Problem to work on: All of the data below is to be repeated exactly, except for the pictures.

Available data:
--- START ---

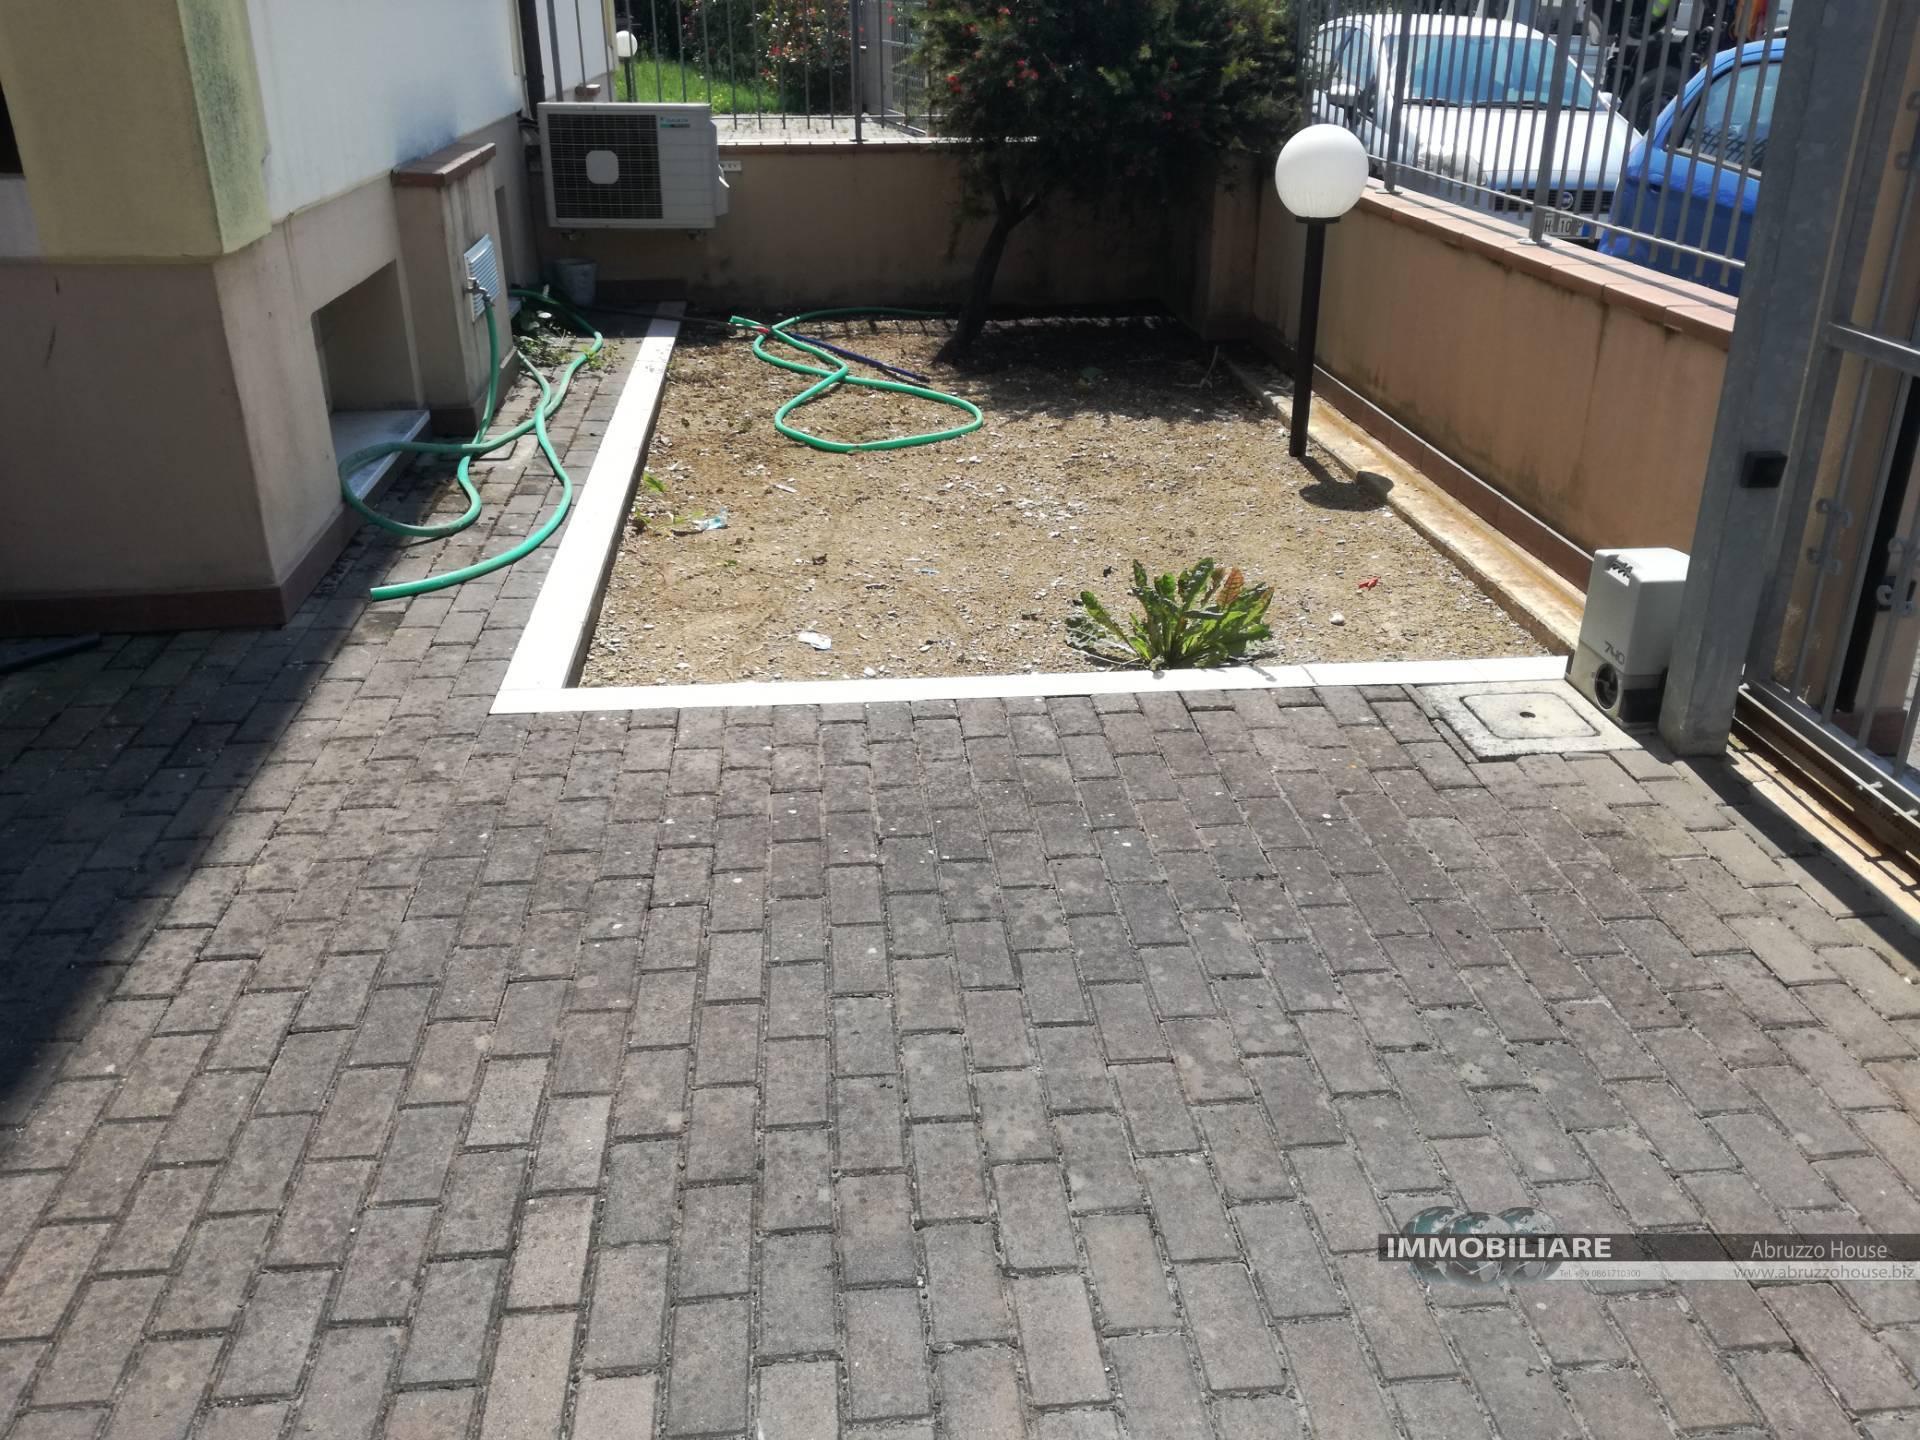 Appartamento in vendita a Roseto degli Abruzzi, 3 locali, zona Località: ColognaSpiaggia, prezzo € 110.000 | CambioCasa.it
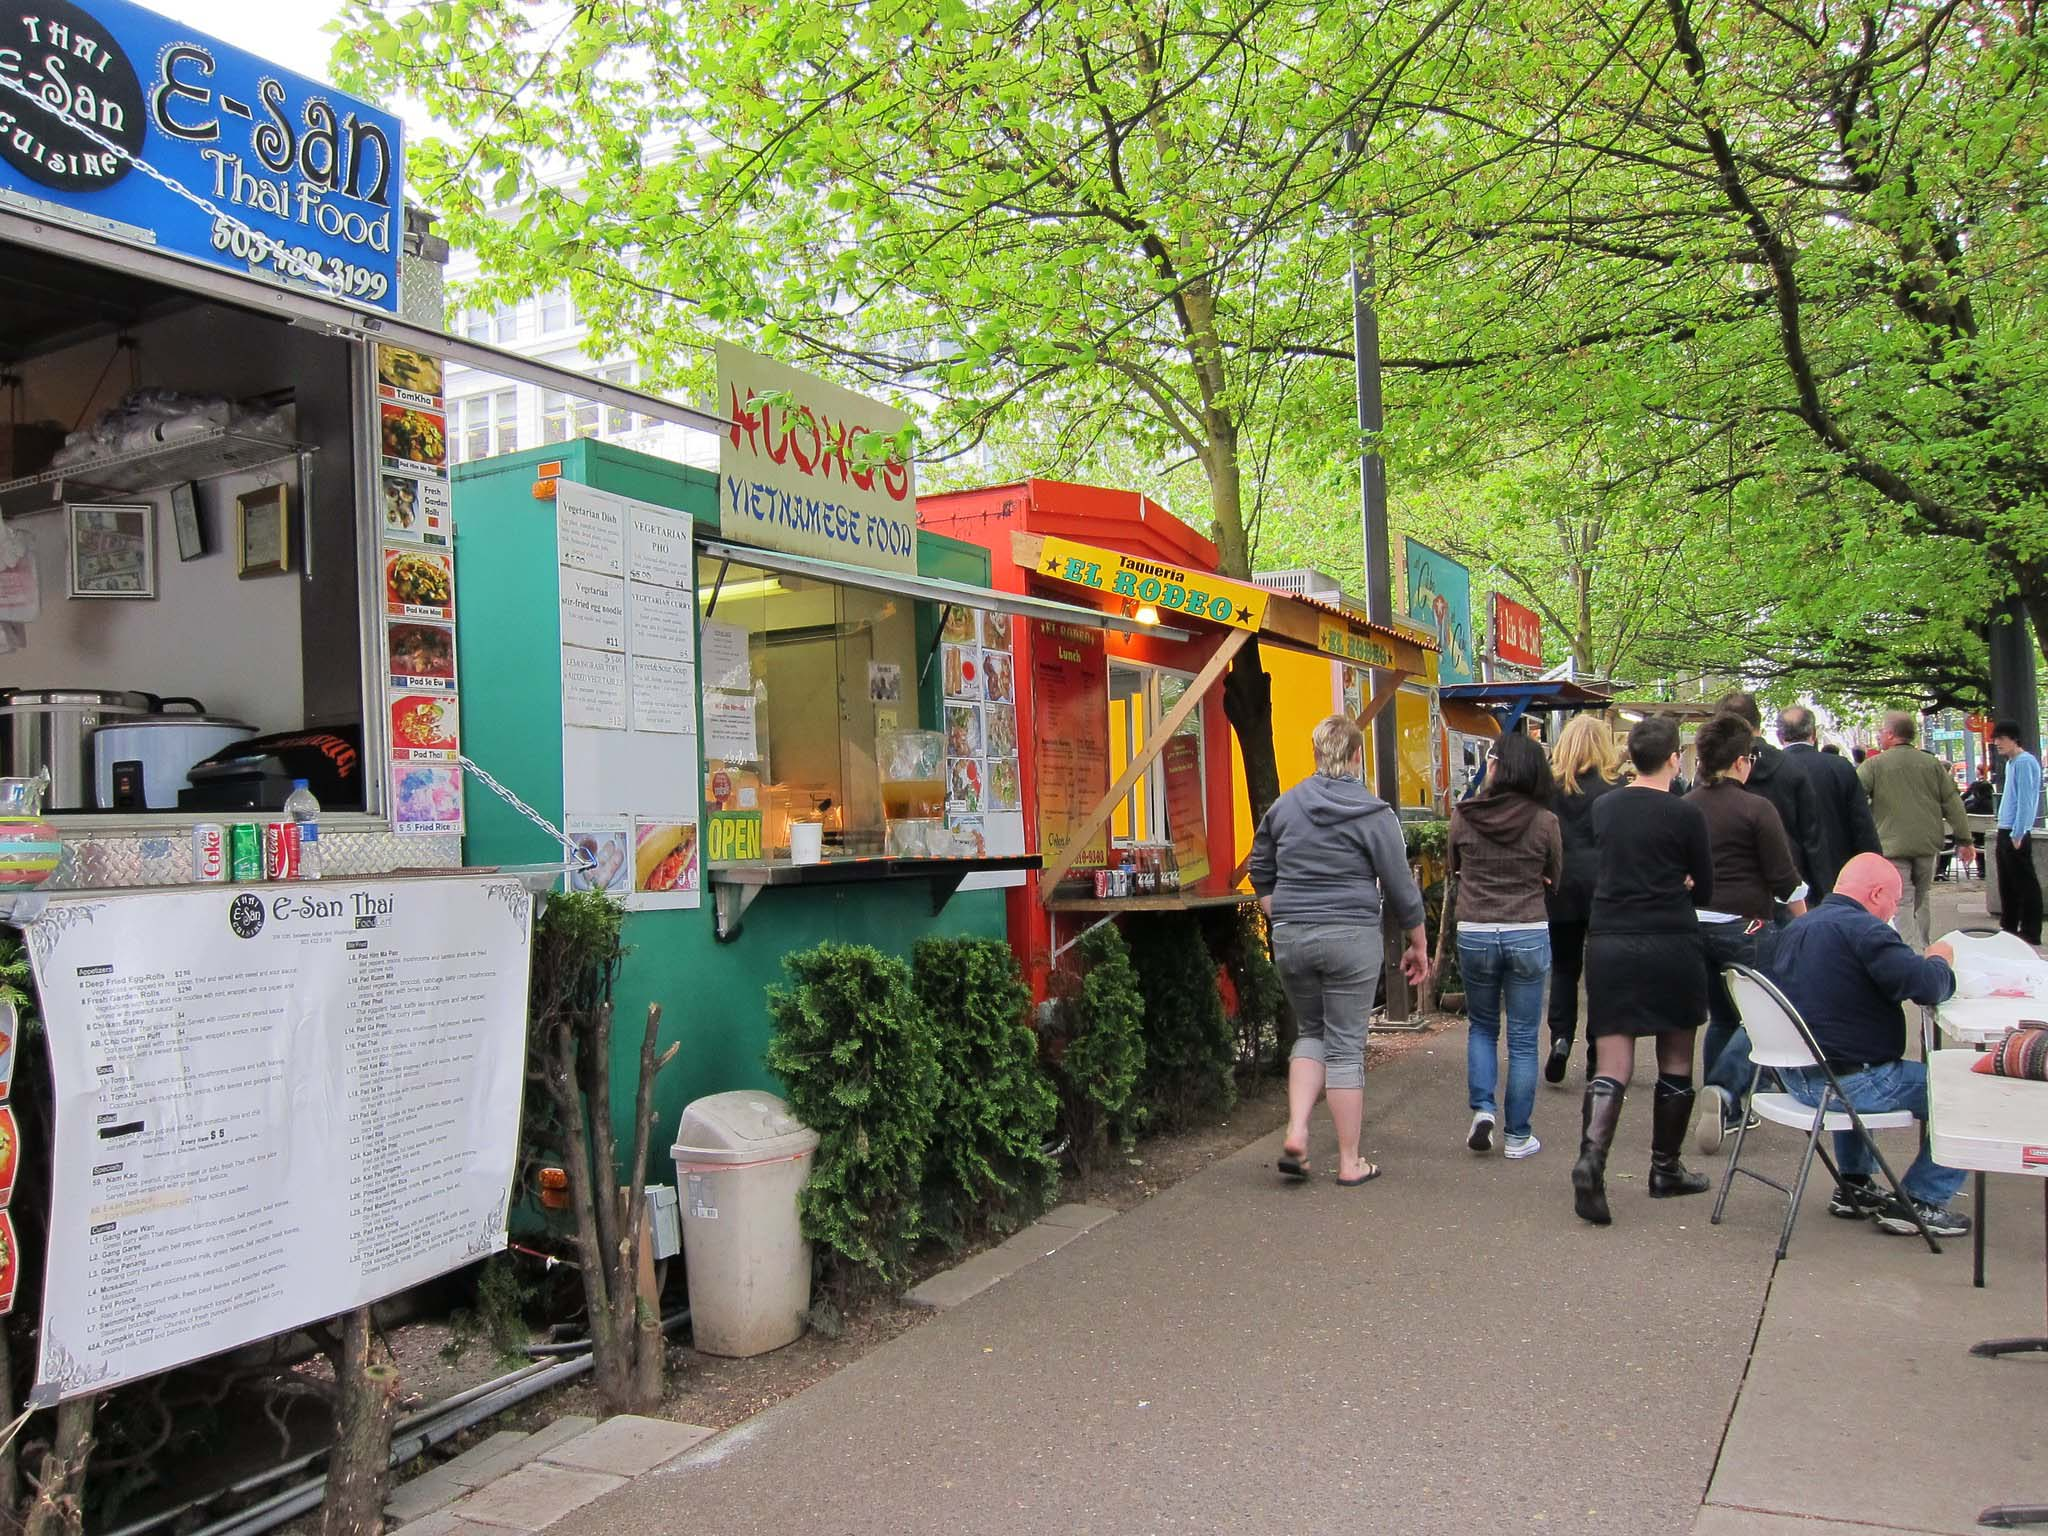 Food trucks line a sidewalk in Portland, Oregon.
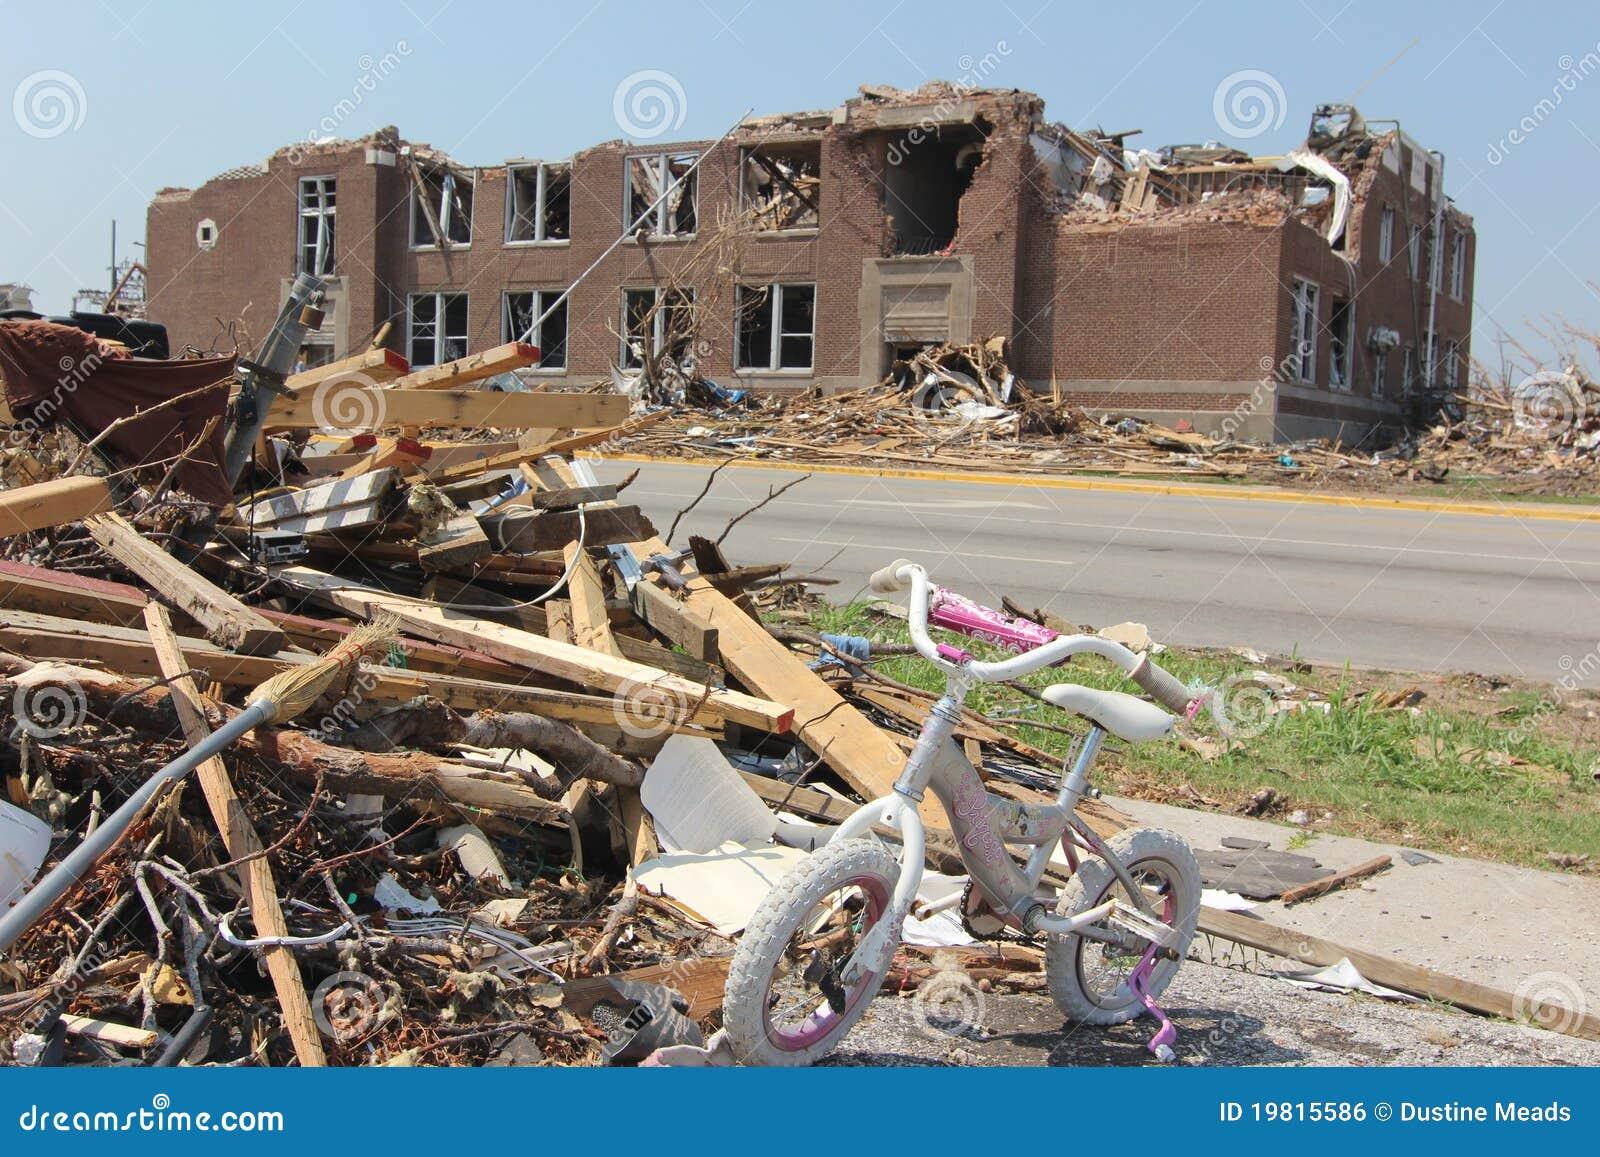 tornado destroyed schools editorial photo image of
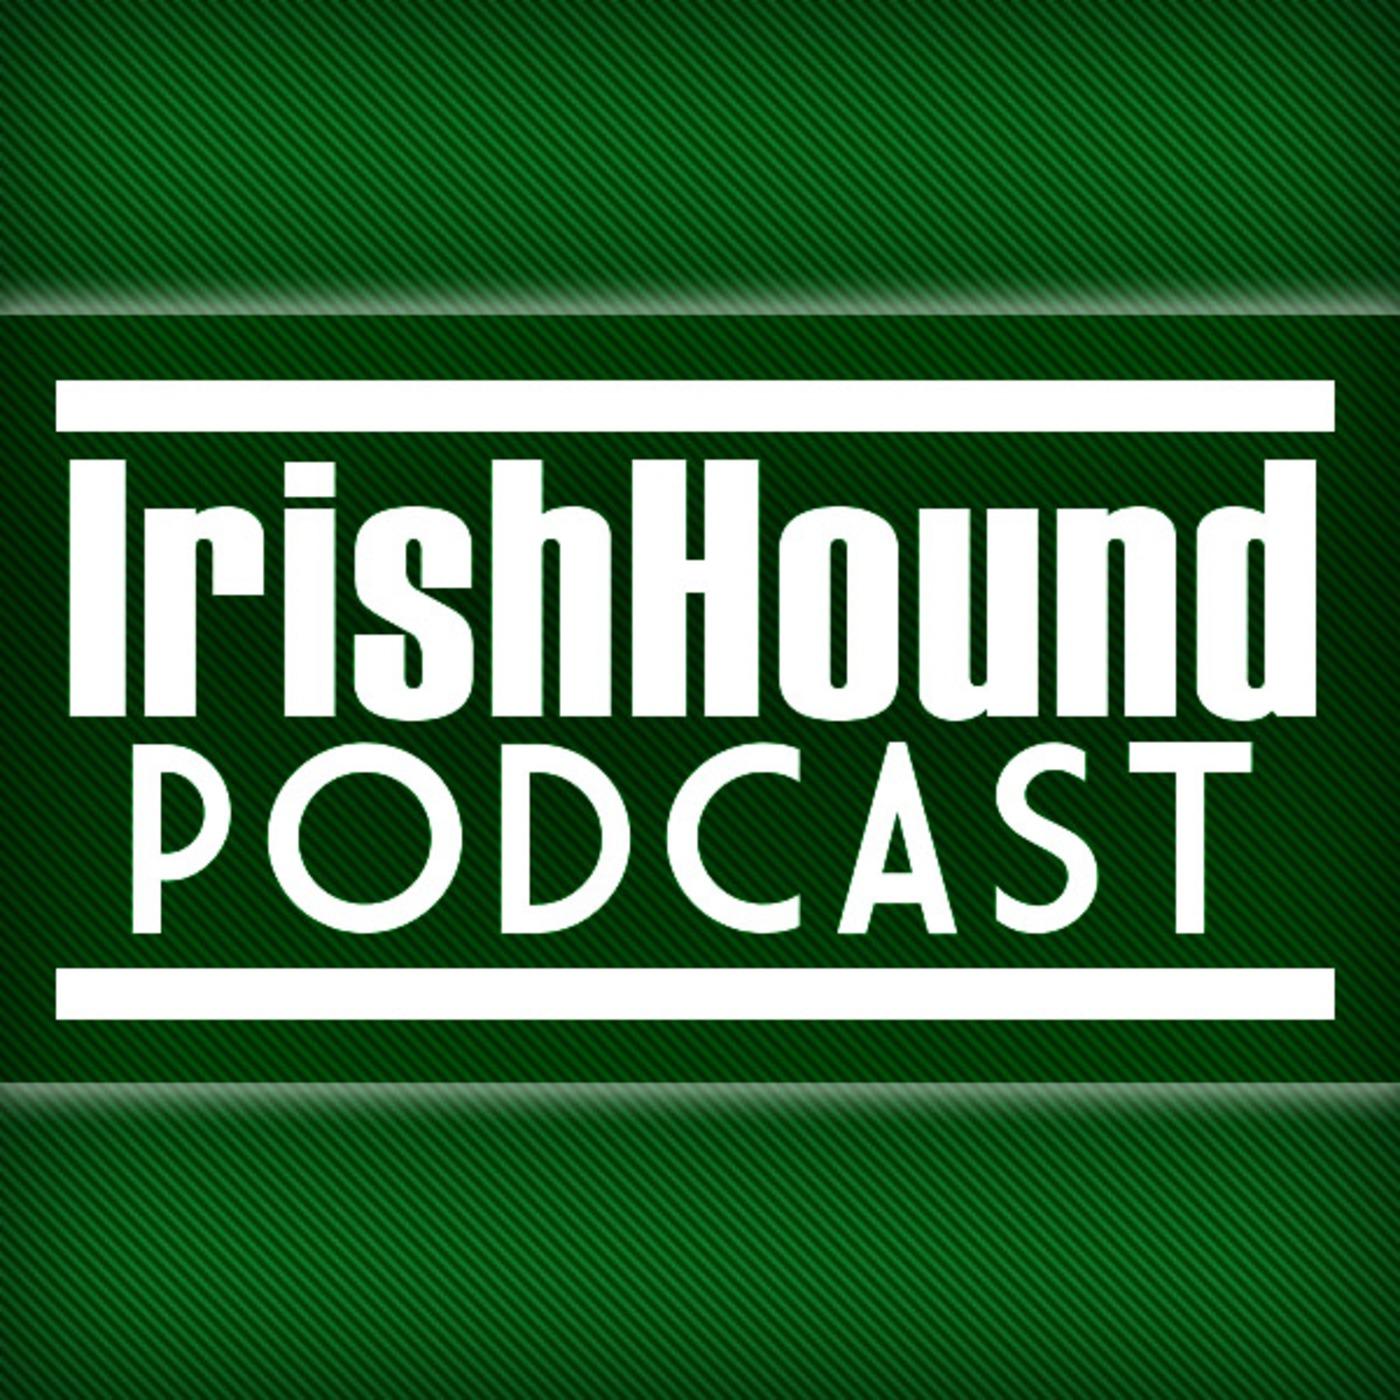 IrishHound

--- END ---

Reply:
 Appartamento in vendita a Roseto degli Abruzzi, 3 locali, zona Località: ColognaSpiaggia, prezzo € 110.000 | CambioCasa.it
 Food trucks line a sidewalk in Portland, Oregon.
 tornado destroyed schools editorial photo image of
 IrishHound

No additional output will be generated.